あなたのTSH正常でも3割見逃しで損失出ます

甲状腺機能低下症の典型症状は、倦怠感、寒がり、体重増加、便秘などですが、実臨床では非特異的症状が先行します。特に軽症例では、疲労や集中力低下のみで受診するケースが多く、精神疾患と誤認される割合は約20〜30%と報告されています。つまり見逃しやすいです。
高齢者ではさらに非典型です。食欲低下や活動性低下のみの場合もあります。結論は非特異症状です。
例えば外来で「最近ぼんやりする」と訴える患者のうち、TSH軽度上昇(5〜10 mIU/L)でもFT4正常の潜在性甲状腺機能低下症が一定数含まれます。この層を見逃すと、脂質異常や動脈硬化リスクが上昇し、将来的な医療コスト増加につながります。痛いですね。
原因の約90%は原発性で、その大半が橋本病です。抗TPO抗体陽性率は80%以上と高く、診断の重要な手がかりになります。ここが基本です。
薬剤性も無視できません。アミオダロン、リチウム、インターフェロンなどが代表で、特にアミオダロン使用患者の約15〜20%で機能異常が発生します。
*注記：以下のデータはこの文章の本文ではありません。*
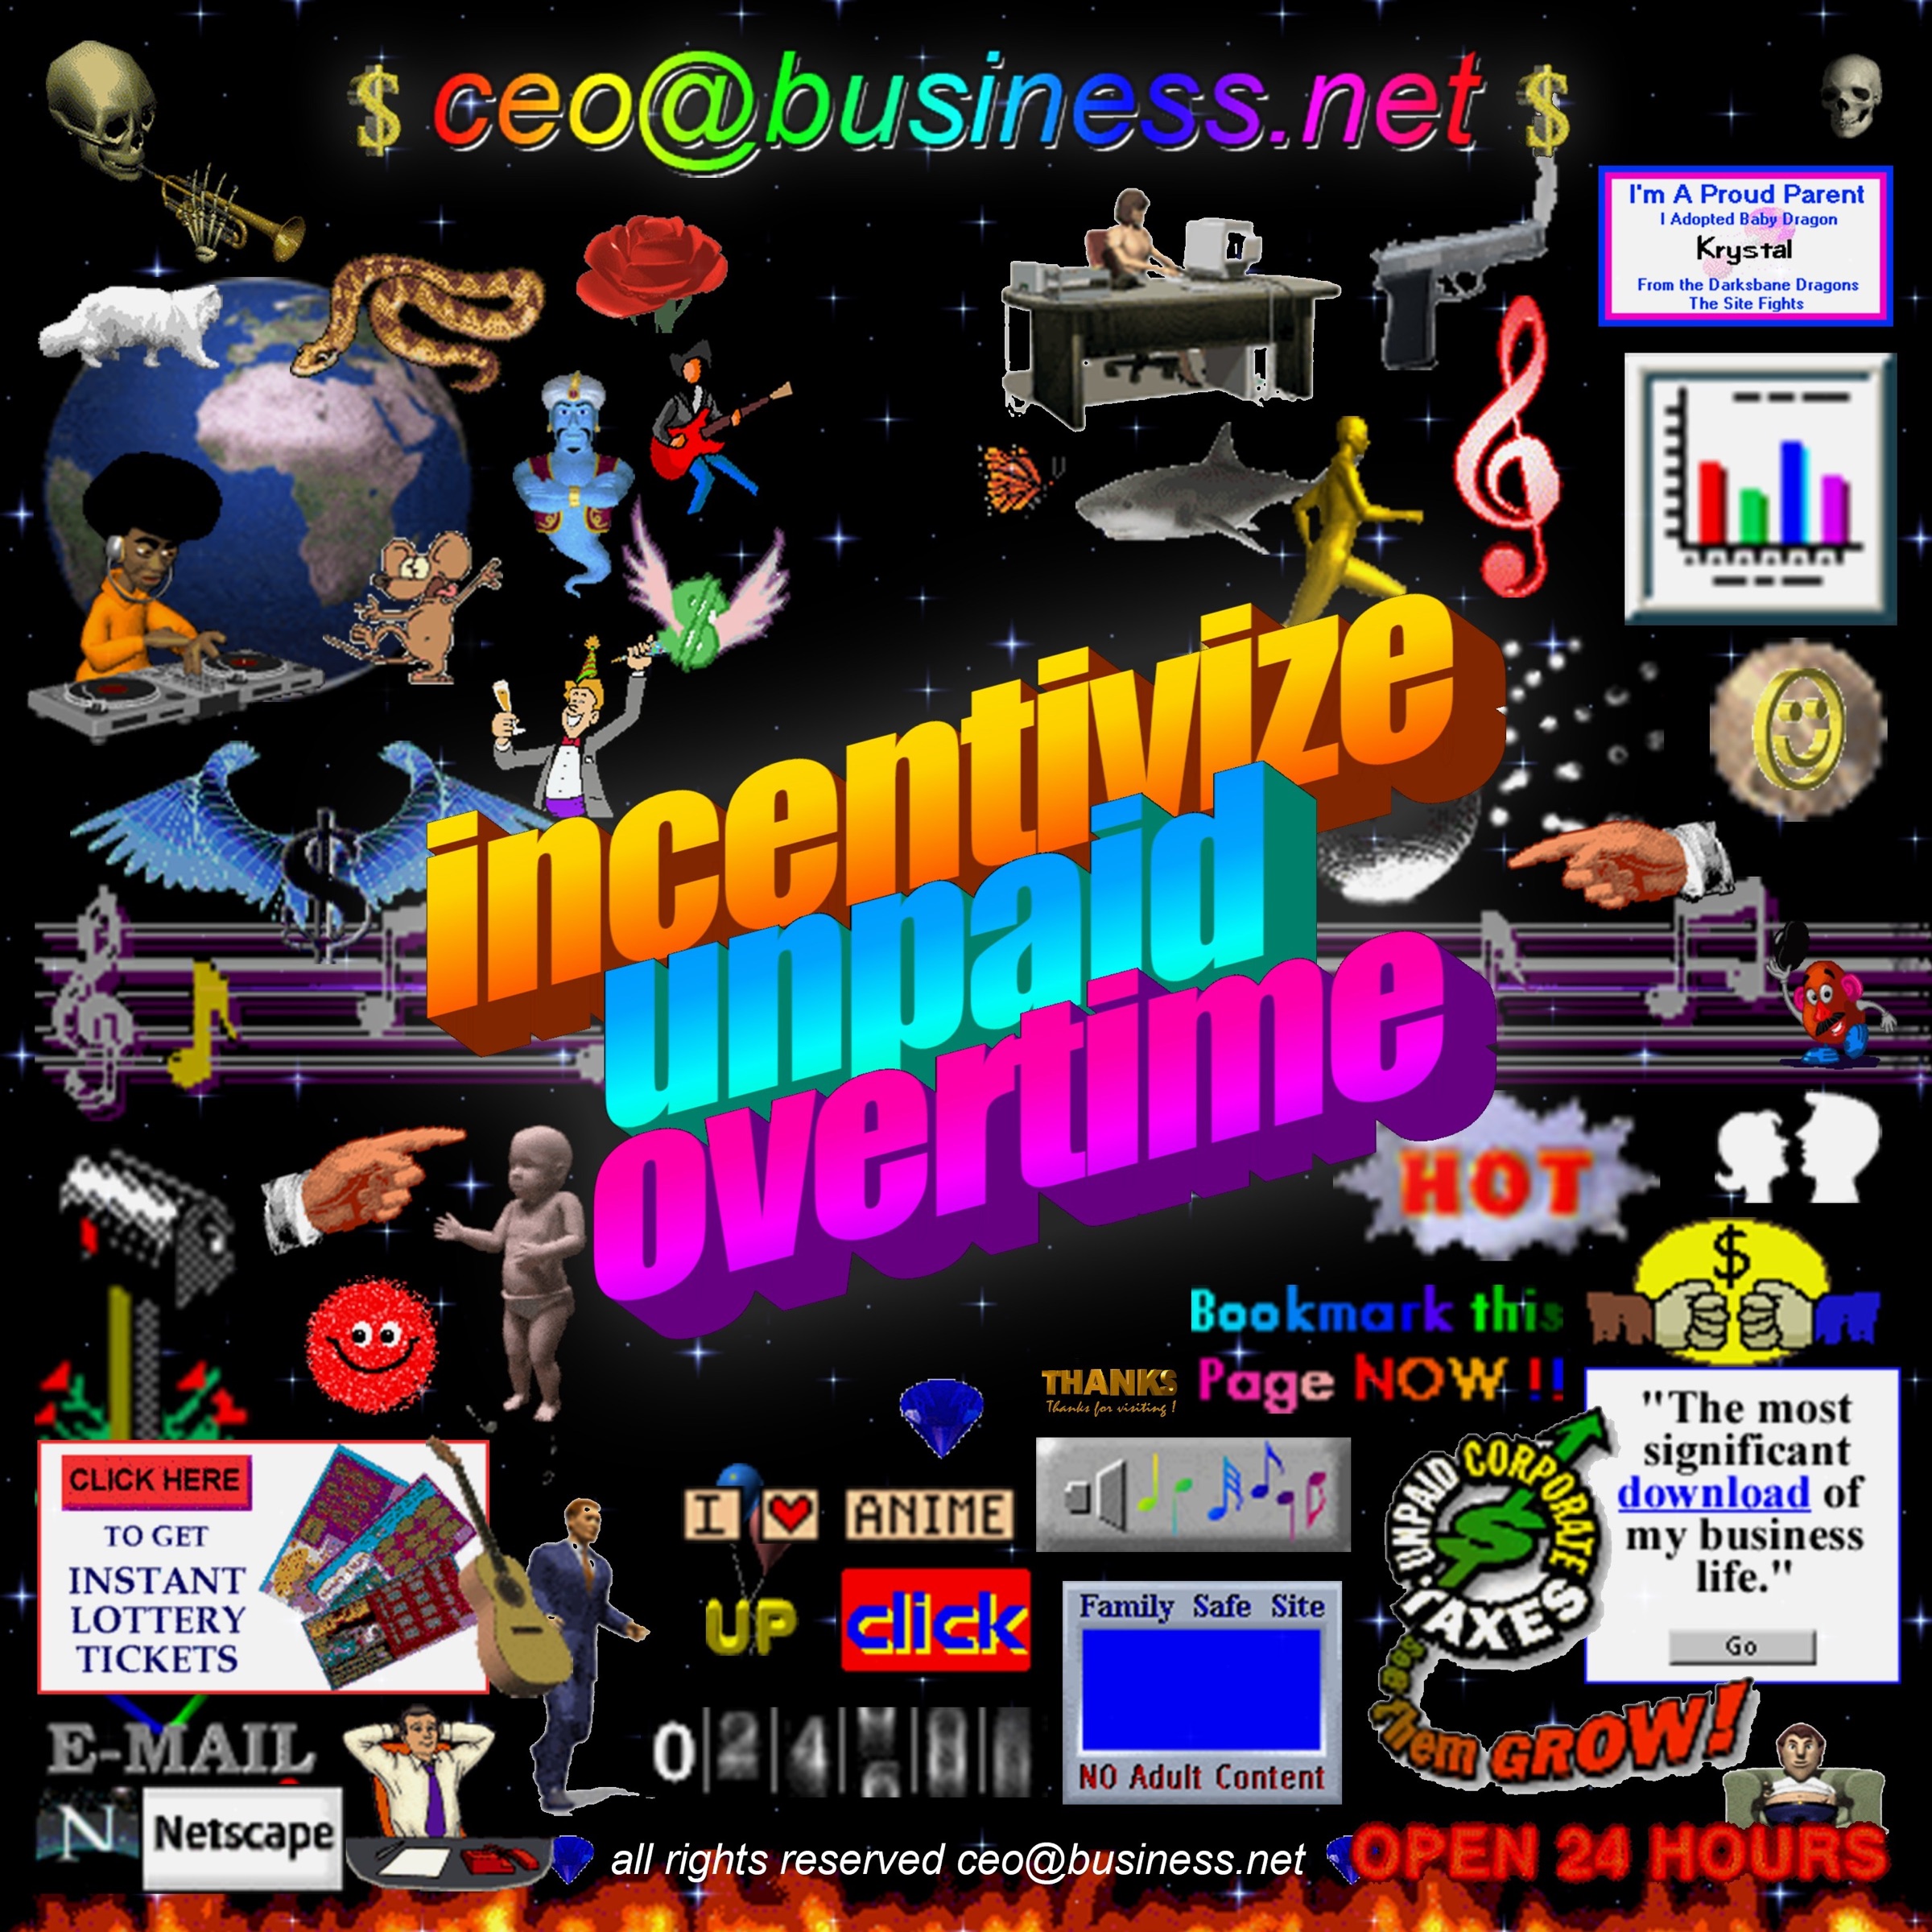 ceo@business.net, Lentra, & Crosby — blah blah blah cover artwork

これは重要です。
中枢性(下垂体・視床下部)も約1%存在しますが、TSHが正常〜軽度低値でもFT4低下を示すため、TSHのみの評価では見逃されます。つまり例外です。
薬剤歴の見落としは診断遅延に直結します。処方確認は必須です。
TSHは鋭敏ですが万能ではありません。特に中枢性ではTSHが正常範囲でも機能低下が存在します。TSHだけでは不十分です。
FT4を同時測定することで診断精度は大きく向上します。例えばTSH 2.0 mIU/LでもFT4が基準下限付近(0.8 ng/dLなど)の場合、症状と合わせて評価が必要です。ここがポイントです。
また、重症疾患時(NTI)ではTSHが抑制または正常化するため、誤判定が起きやすいです。これは例外です。
検査解釈のリスク(見逃し)→精度向上→具体策としては「FT4を同時にオーダーする」が有効です。これだけ覚えておけばOKです。
厚労省eJIMで甲状腺検査の基本的解説
https://www.ejim.ncgg.go.jp/public/overseas/c03/11.html
治療はレボチロキシン補充が基本です。TSHが10 mIU/L以上では原則治療適応となります。ここが基準です。
一方、TSH 4.5〜10 mIU/Lのサブクリニカルでは議論があります。症状あり、抗体陽性、妊娠希望、LDL高値などがあれば治療を検討します。つまり個別判断です。
過剰補充は心房細動や骨粗鬆症のリスクを上げます。特に高齢者では初期用量25μgから開始し、6〜8週ごとに調整します。慎重が必要です。
治療過不足のリスク(心血管・骨)→適正化→具体策は「6週ごとにTSH再評価する」です。これが原則です。
日本甲状腺学会の診療指針
https://www.japanthyroid.jp/public/guideline.html
忙しい外来では検査オーダーの簡略化が重要です。初診時にTSHのみを出す運用だと、再診でFT4追加となり平均1〜2週間の遅延が発生します。時間損失です。
そこで「TSH+FT4同時セット」を標準化すると、再診率と診断遅延が約30%減少したという施設報告があります。これは効率化です。
さらに、電子カルテで「倦怠感+便秘+徐脈」の組み合わせにアラートを設定することで、見逃し率を下げられます。仕組みで防ぎます。
業務負担増のリスク(再診・手戻り)→削減→具体策は「検査セットをプリセット登録する」です。これで大丈夫です。